Summarizing, the current regulatory status for HT within the EU context as an authorized novel food ingredient that can be added to different foods as stated in the Commission Implementing Decision [92] opens possibilities of broadening its use in other foods in the future. Obtaining HT for further uses as a food ingredient from different wastes and byproducts represents a straightforward opportunity for the revalorization of olive oil cultivars, consequently, leading to a more sustainable production.

8. Conclusions

This paper compiles scientific data on HT content in the main food sources. The average content range was as follows: olives > olive oil > wines. The dietary intake in the EU population was estimated based on dietary surveys and updated with current compositional data available in the scientific literature. Greece, Spain, Denmark, Cyprus, and Italy rank as having the largest intake in adult populations. Olives and wine are the main dietary contributors to HT intake in EU. Additionally, the contribution of olive oil to HT dietary intake is relevant in Mediterranean countries (Italy, Spain, Greece, and Cyprus).

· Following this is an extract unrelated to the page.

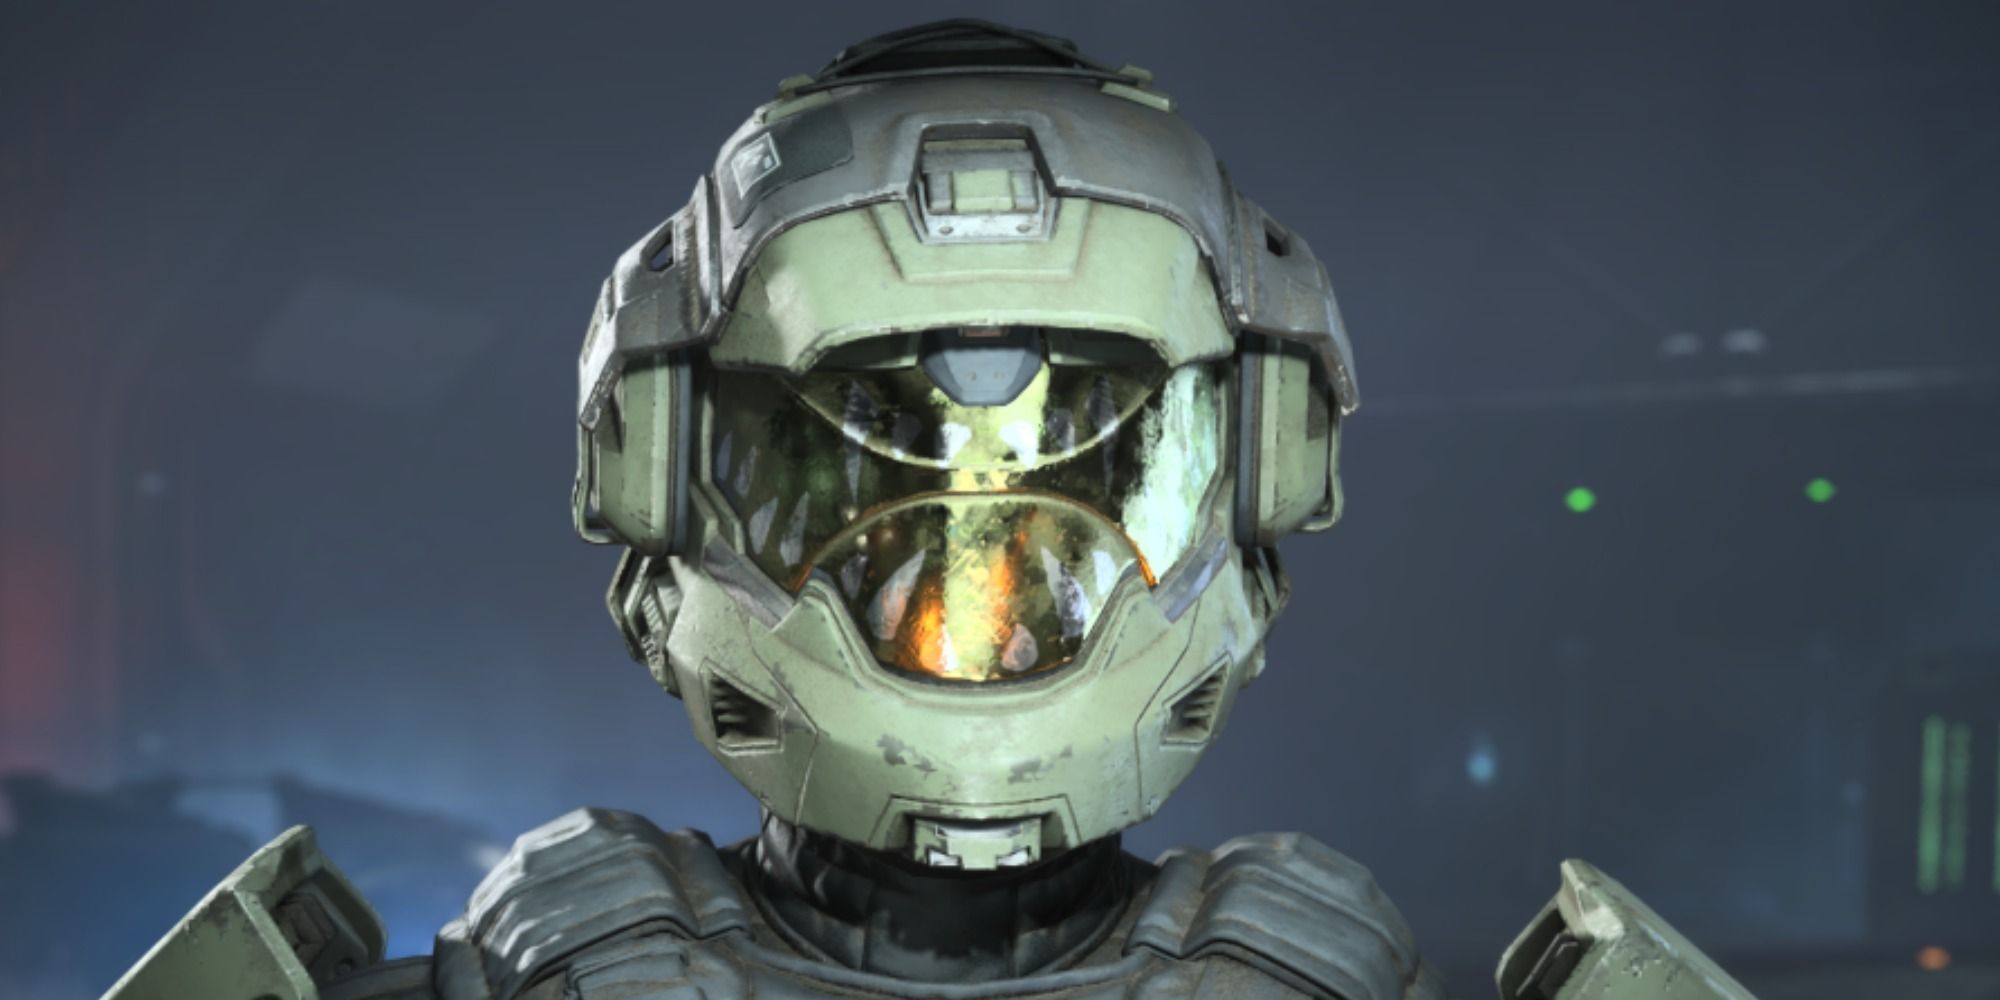 The Artaius Helmet in Halo Infinite

Considering HT is present only in food characteristic of the Mediterranean diet, further epidemiological research would be needed to bring to light the role of HT in chronic diseases, other than cardiovascular.

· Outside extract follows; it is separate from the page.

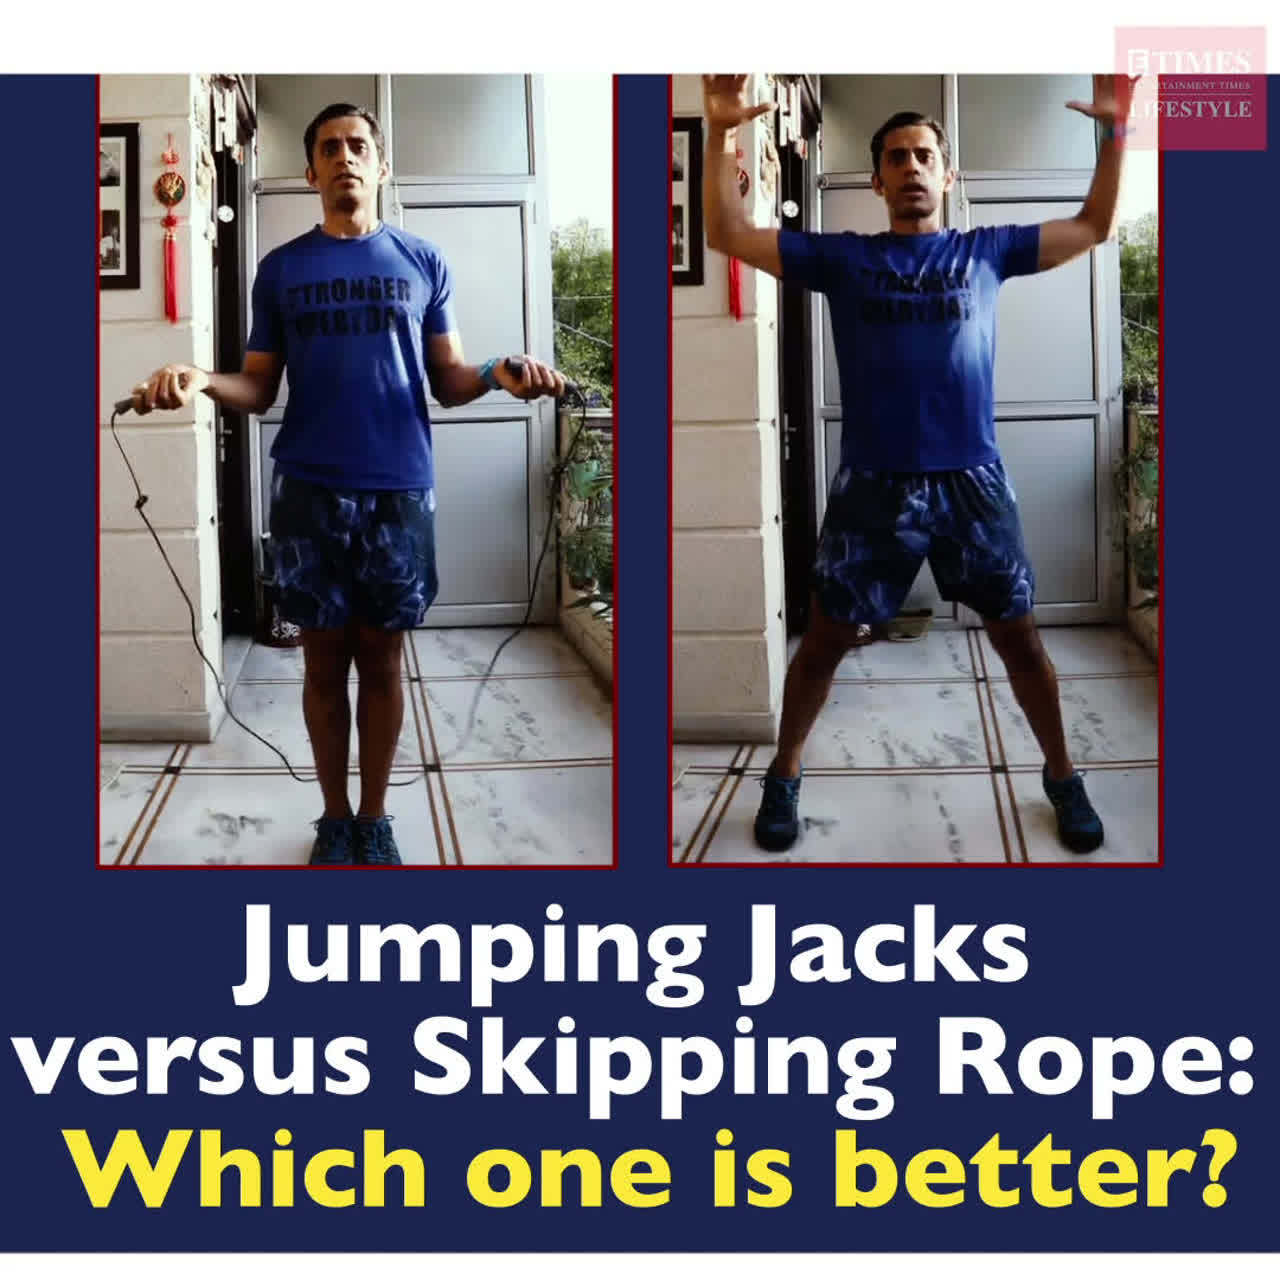 Exercise Spotlight: Jumping Jacks

Further research is also necessary to increase the HT concentration in natural sources such as wine, by means of selecting the highest producer microorganisms and fermentation conditions. Additionally, it would be interesting to select the olive production techniques that most preserve HT concentration in the final product, avoiding its losses on the wastewater. Similarly, additional studies should be conducted to select the olive varieties and olive oil production techniques that lead to a higher HT and its precursors’ concentration. Moreover, HT obtained from waste and by-products of the olive industry can be considered a valuable source for HT as a food ingredient to be added to other foods, nutraceuticals, and food supplements, thus increasing the bioactive potential and its dietary intake. Hence, further studies should comprise the selection of efficient and environment friendly HT extraction and purification techniques.